Treating waste as “artificial resources”
Achieving environment friendly resource recycling

Department of Resources and Environmental Engineering
Professor
Shuji Owada

 

The Department of Resources and Environmental Engineering conducts education and research regarding topics ranging from the exploitation of resources to their use, recycling, disposal, and environmental problems resulting from the above activities. The Department of Resources and Environmental Engineering is one of the few places where one can study such a wide range of topics encompassing both the environment and resources.
In seeking to optimize resource recycling, the Owada Laboratory takes a technological approach to advanced component separation. Broadly speaking, separation technologies can be divided into two categories: physical separation, and chemical or high-temperature separation. Physical separation processes lack a strong theoretical background and present many unsolved problems.

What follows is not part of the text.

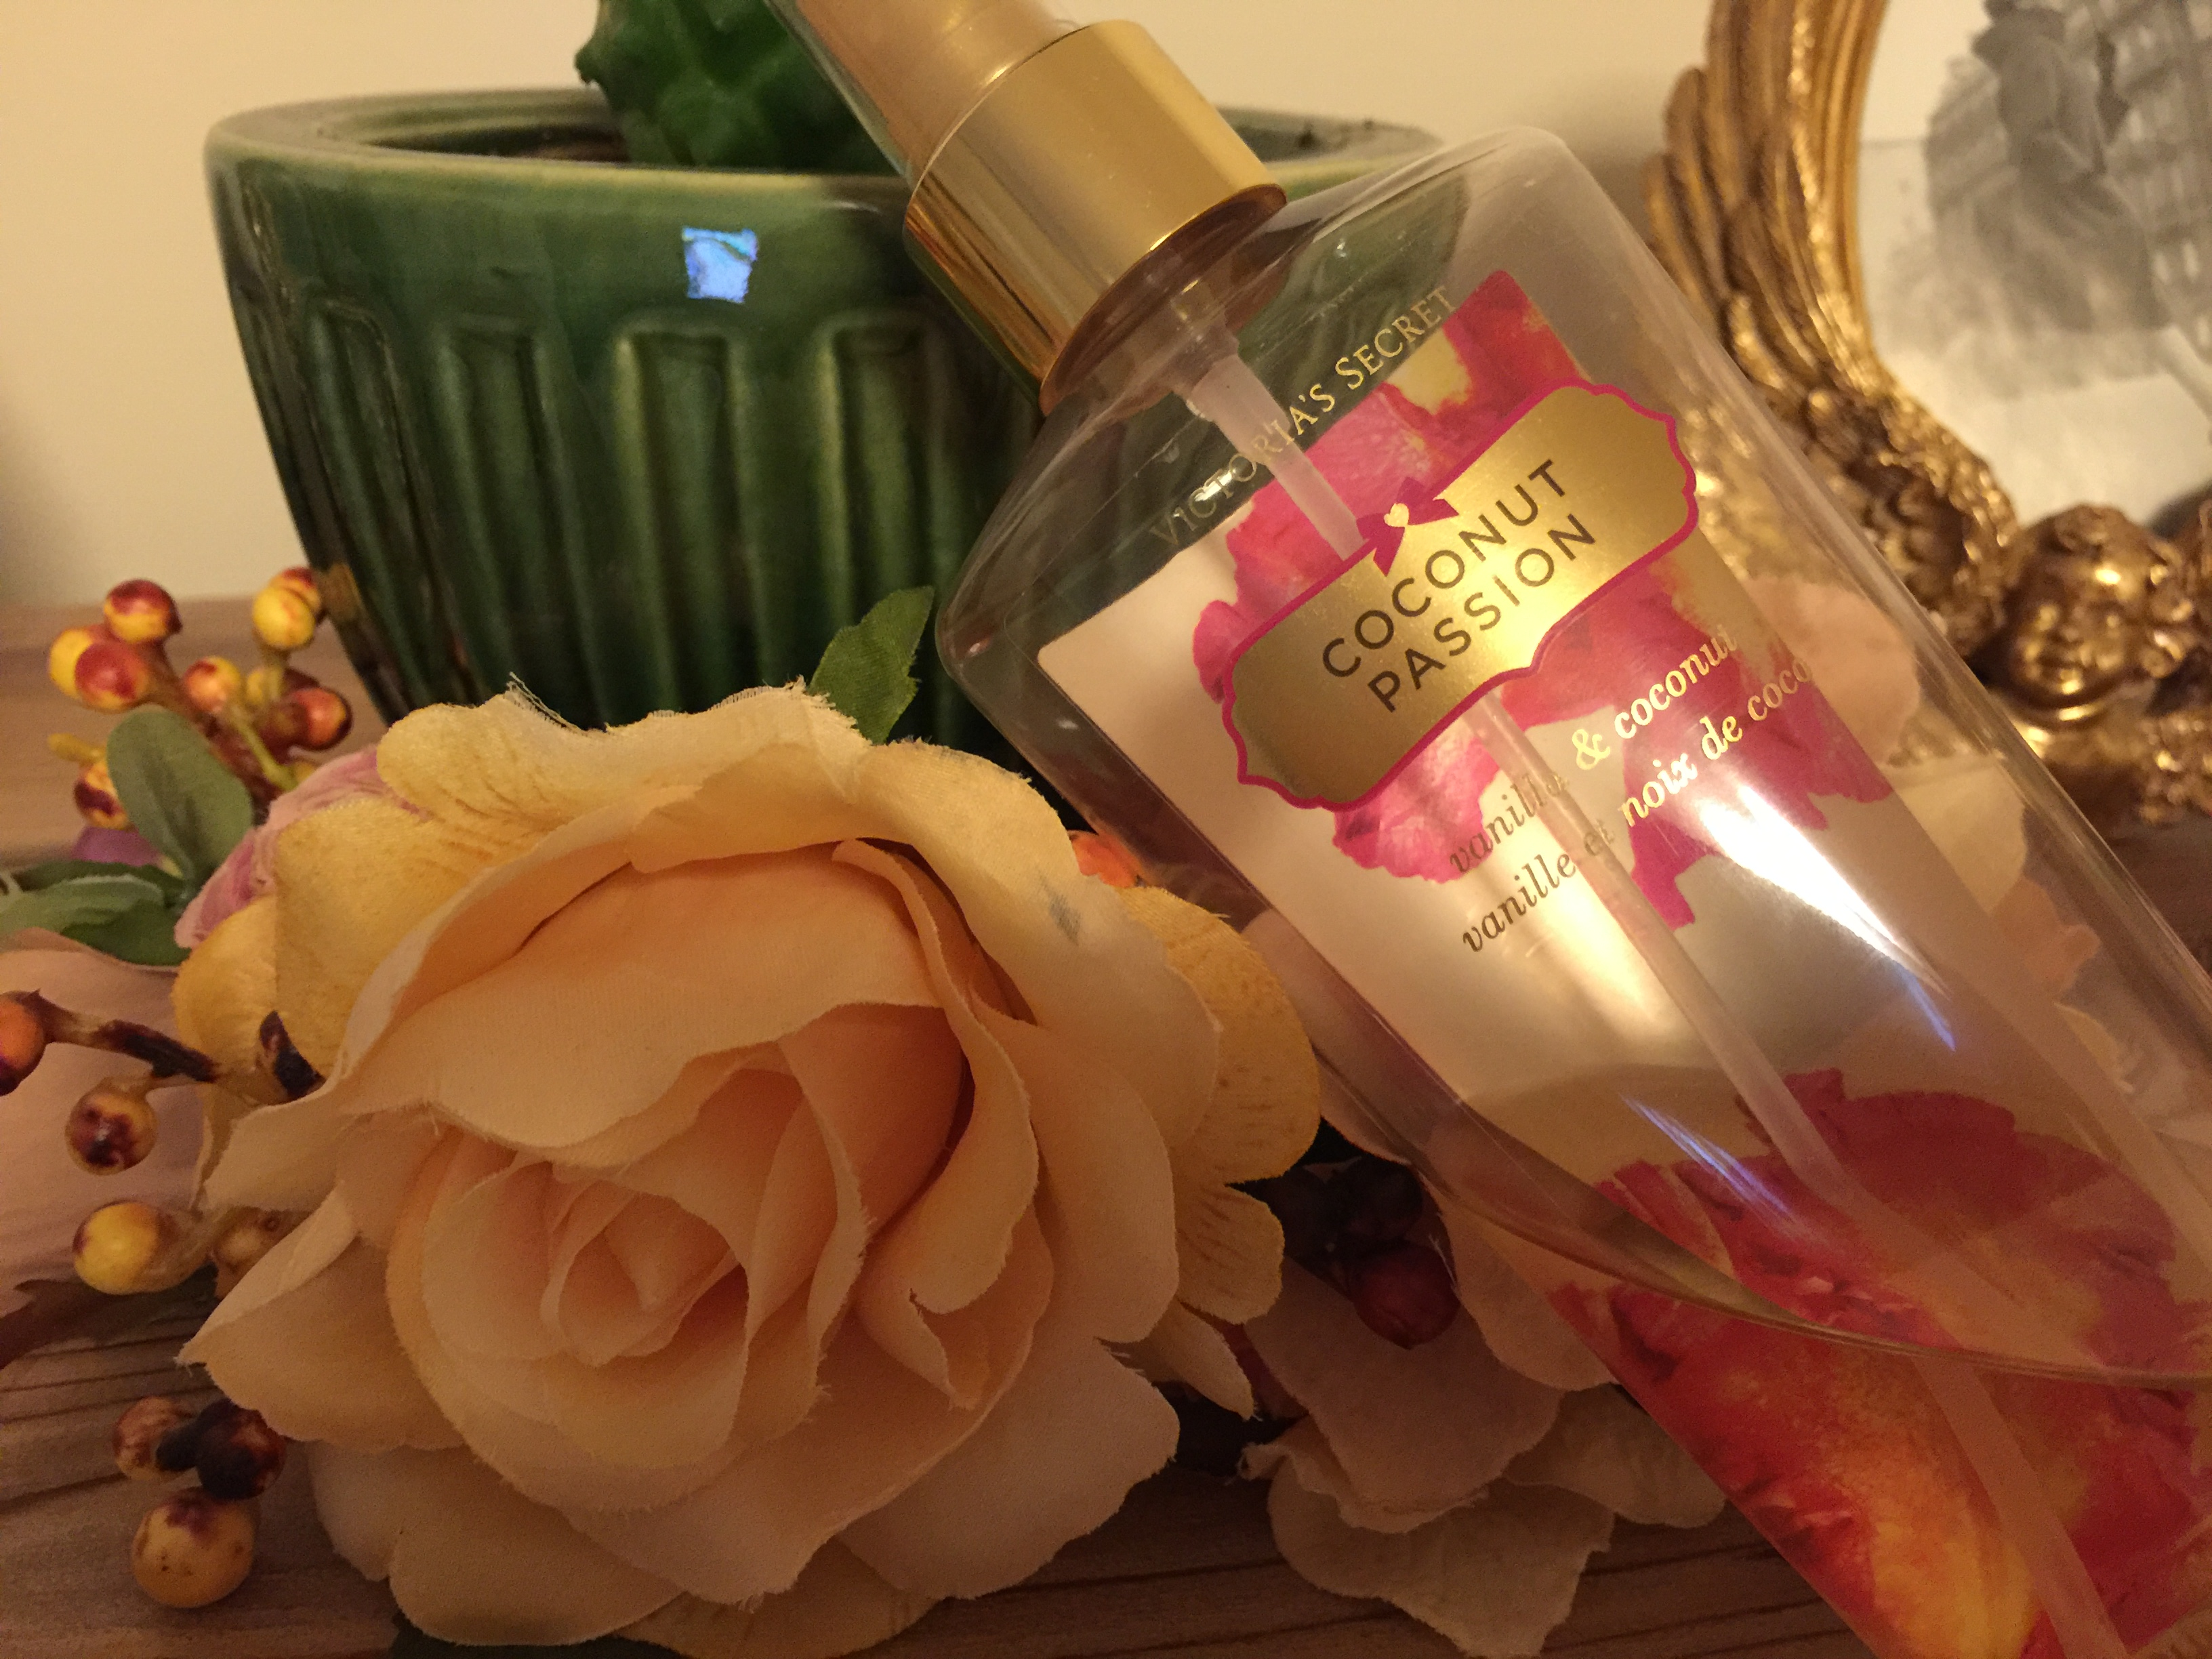 Victoria's Secret – Coconut Passion Vücut Spreyi

Resolving such problems is the main theme of this laboratory’s research.
At the lab, we refer to waste as “artificial resources.” This is because there is a need for society to reduce waste disposal by recycling more waste as artificial resources.
Waste processing processes can be roughly categorized as dismantling, comminution, sorting, smelting and refining. The problem with comminution is that it lacks precision, so the products are often contaminated with impurities and the recovery rate of valuable material is considerably low. A more advanced technology is required.

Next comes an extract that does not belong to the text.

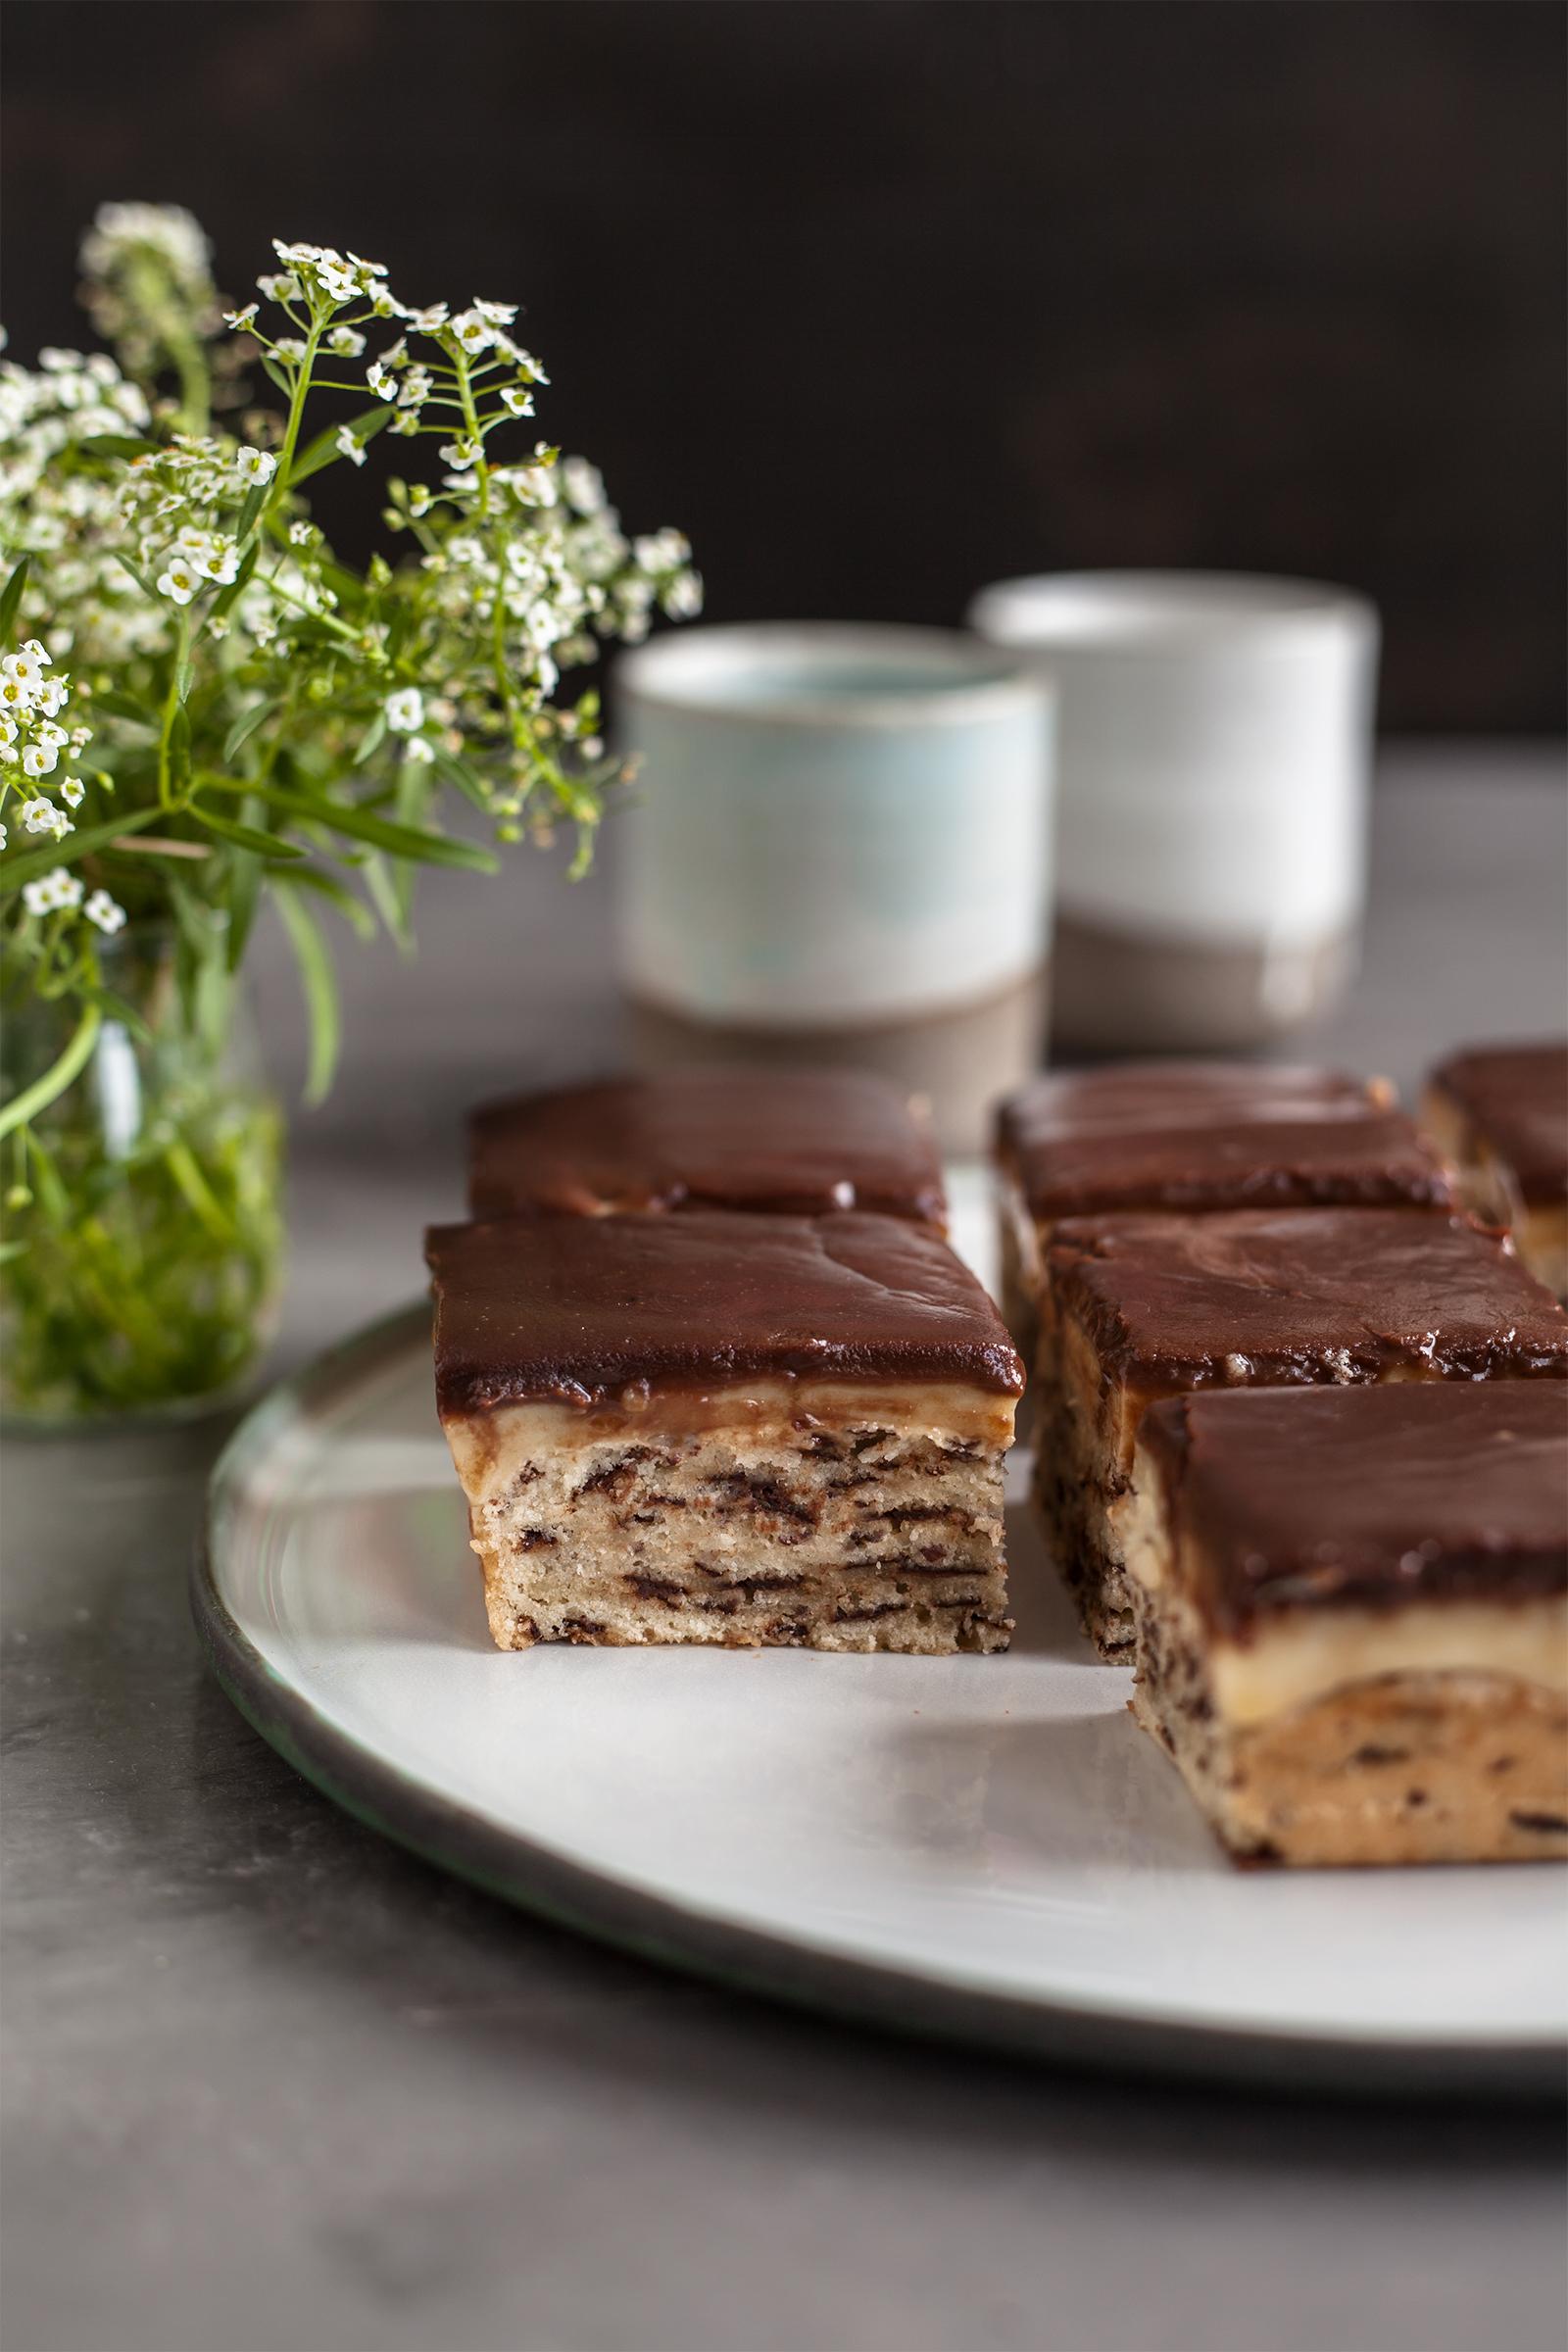 Schoko vanille Kuchen Vegan Rezept

Making better use of artificial resources
by maximizing use of advanced technology

Let me give some examples of some of the cutting edge research we are conducting. “Smart comminution” and “Smart sorting” are new technology frameworks for comminution and sorting. This new cutting-edge technology makes it possible to comminute and sort materials with greater precision. Here’s how it works.

1) Smart comminution

When comminuting and sorting waste, efficiency could be greatly increased if it were possible to first extract reusable items, since this would greatly improve the rates of reutilization and/or material reuse. For example, a computer is made up of all sorts of assemblies, such as keyboards, monitors, circuit boards and so on. If those assemblies could be broken up into their separate parts, they could be reused in their existing form.
The process of breaking the individual parts of such an item into separate components is called “liberation.” And the process which makes full use of the latest technology to liberate such components is called “smart comminution.”

2) Smart sorting

Once components have been liberated, they must be sorted.
Past practice has been to use different types of machinery to concentrate particular types of component material, but recently the hardness, density, chemical composition, etc. of solids running on a conveyor belt can be detected for example using X-rays and special lasers, and desired component types can be separated from other materials using puffs of compressed air. This process is referred to as “smart sorting.”
In 2015, we developed a LIBS* sorter which uses smart sorting technology. This sorter irradiates the material to be sorted with a laser which instantaneously heats the surface of the material to plasmatize it. By spectroscopic analysis of the plasma, it is possible to quantitatively identify a wide range of elements ranging from hydrogen to uranium.
* Abbreviation for “Laser-Induced Breakdown Spectroscopy.” The method uses a laser to plasmatize part of the target material for analysis of its component elements.

Research at the Department of Resources and Environmental Engineering
can also be viewed as a social experiment

I always tell my students to concentrate on “why” and “therefore”. Even if an experiment yields interesting results, they will be of no practical value if nothing can be said about “why” and “therefore.”
Education and research activities at the Department of Resources and Environmental Engineering can be regarded as a sort of a social experiment. Since this research is of high public interest, mistakes can have a profound impact on society. I regard it as my mission to continue cultivating researchers with an appreciation for the scientific method and a sense of responsibility.